L’antisémitisme, le socialisme des imbéciles
La saillie de Guillaume Meurice, chroniqueur proche de la gauche de la gauche, réveille le spectre dangereux de l’antisémitisme de gauche.
C’est le type même de la blague imbécile qui vient remuer dans une partie du public les préjugés les plus sommaires et dangereux. Guillaume Meurice sur France Inter, croit se distinguer par son audace comique en qualifiant Benyamin Netanyahou de « nazi sans prépuce », lourdingue et honteuse assimilation d’Israël au Troisième Reich, assortie d’une allusion graveleuse à la circoncision. On peut trouver pour critiquer Netanyahou toutes sortes de comparaisons peu flatteuses – et on ne s’est pas privé de le mettre en cause ici – mais quiconque est doté d’une vague mémoire historique sait de l’assimilation des Juifs aux nazis n’est qu’une grossière insulte fondée sur la bêtise et l’ignorance. Ce qui n’empêche en rien de fustiger la politique de la droite israélienne.
Au moment où les actes antisémites se multiplient de manière inquiétante, obligeant la Première ministre à une mise en garde solennelle devant l’assemblée, il y a là une irresponsabilité que la qualité de chroniqueur plus ou moins comique ne saurait absoudre. On attend des professionnels du rire qu’ils fassent preuve d’un peu d’esprit, et il n’y a pas là plus d’esprit que de beurre en branche.

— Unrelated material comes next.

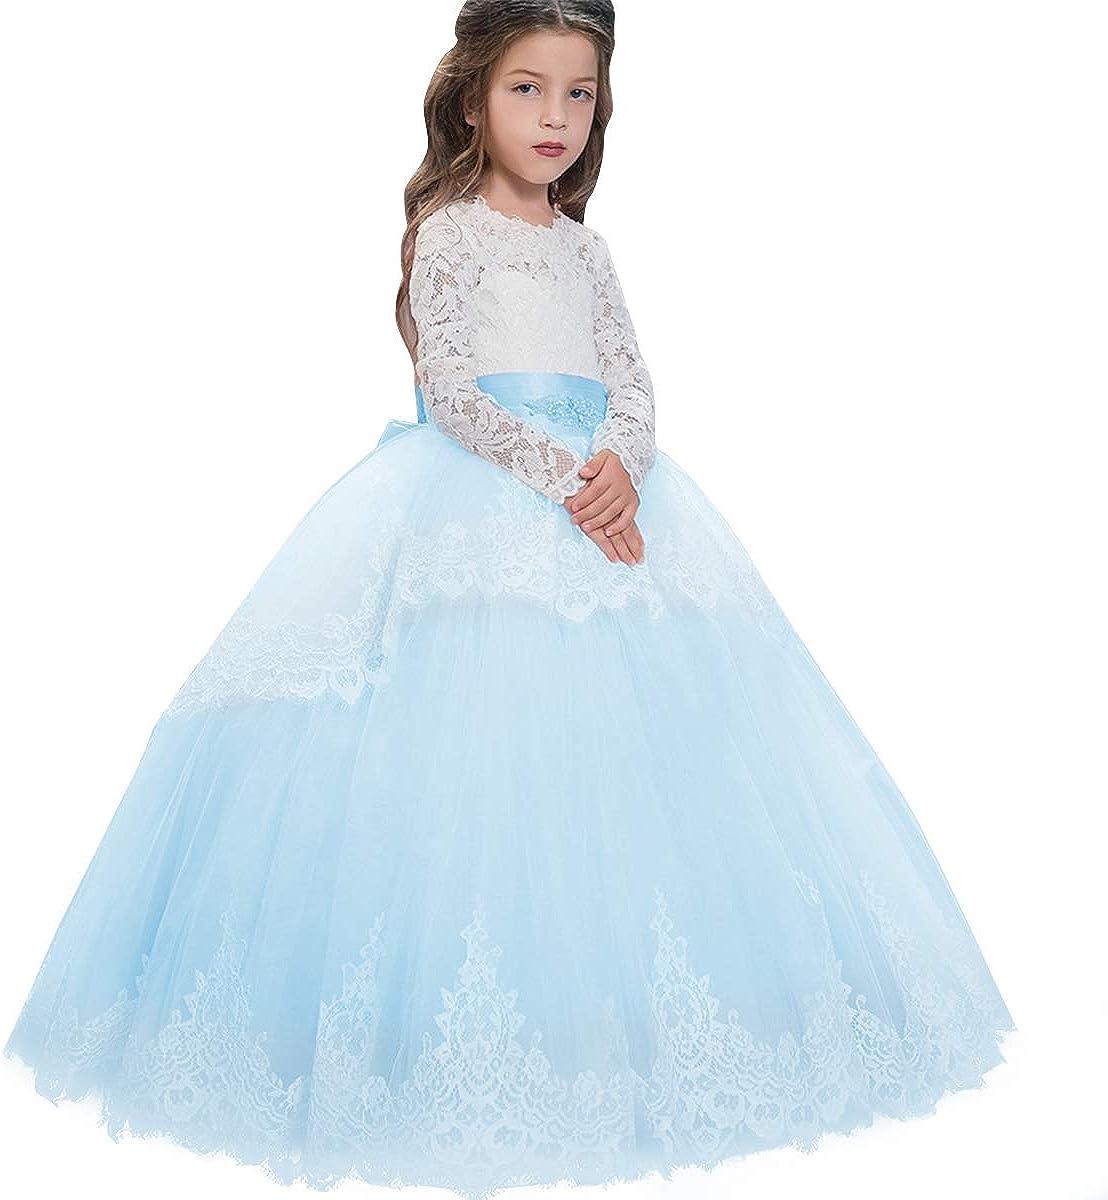 Kids Baby Girls Flower Lace Tulle Tutu Dress Princess Party Wedding Bridesmaid

Le mot « imbécile » pour qualifier cette blague n’est pas ici employé au hasard : c’est le social-démocrate August Bebel, impatienté par les diatribes anti-juives de certains de ses camarades, qui avait défini l’antisémitisme comme « le socialisme des imbéciles ». Guillaume Meurice – chacun le sait et l’intéressé ne s’en cache guère – défend des positions proches de celles de la gauche de la gauche. Sans s’en rendre compte, peut-être, il réveille par sa sortie un spectre qu’on avait un moment cru relégué au musée, celui de l’antisémitisme de gauche.
Vieille tradition, inférieure en intensité et en effets nuisibles à celle de la droite nationaliste, mais néanmoins vivace au 19ème siècle et même au 20ème. On en trouve la trace chez Fourier, Proudhon, Blanqui, et même… Marx, pourtant fils de rabbin, qui tous associaient les juifs à l’argent et au capitalisme. Jaurès lui-même, comme l’écrit Madeleine Rebérioux, a été effleuré par « l’antisémitisme populaire » avant de devenir l’un des défenseurs la plus acharnés d’Alfred Dreyfus.
Ce qui ne peut faire oublier la solidarité active dont la gauche a témoigné aux moments décisifs avec les Juifs persécutés, pendant la Révolution, au moment de l’affaire Dreyfus ou pendant les années trente et quarante face aux diatribes haineuses de l’extrême-droite et à la politique antijuive de Vichy. En dépit des errements de certains courants minoritaires, le refus de toute discrimination et de toute persécution, notamment celles qui frappent les Juifs, est constitutif de la République et du socialisme.
Une histoire que Guillaume Meurice, quoique campé sur des positions très à gauche, sans doute aveuglé par son penchant pour la radicalité, doit connaître et qu’il a choisi d’ignorer.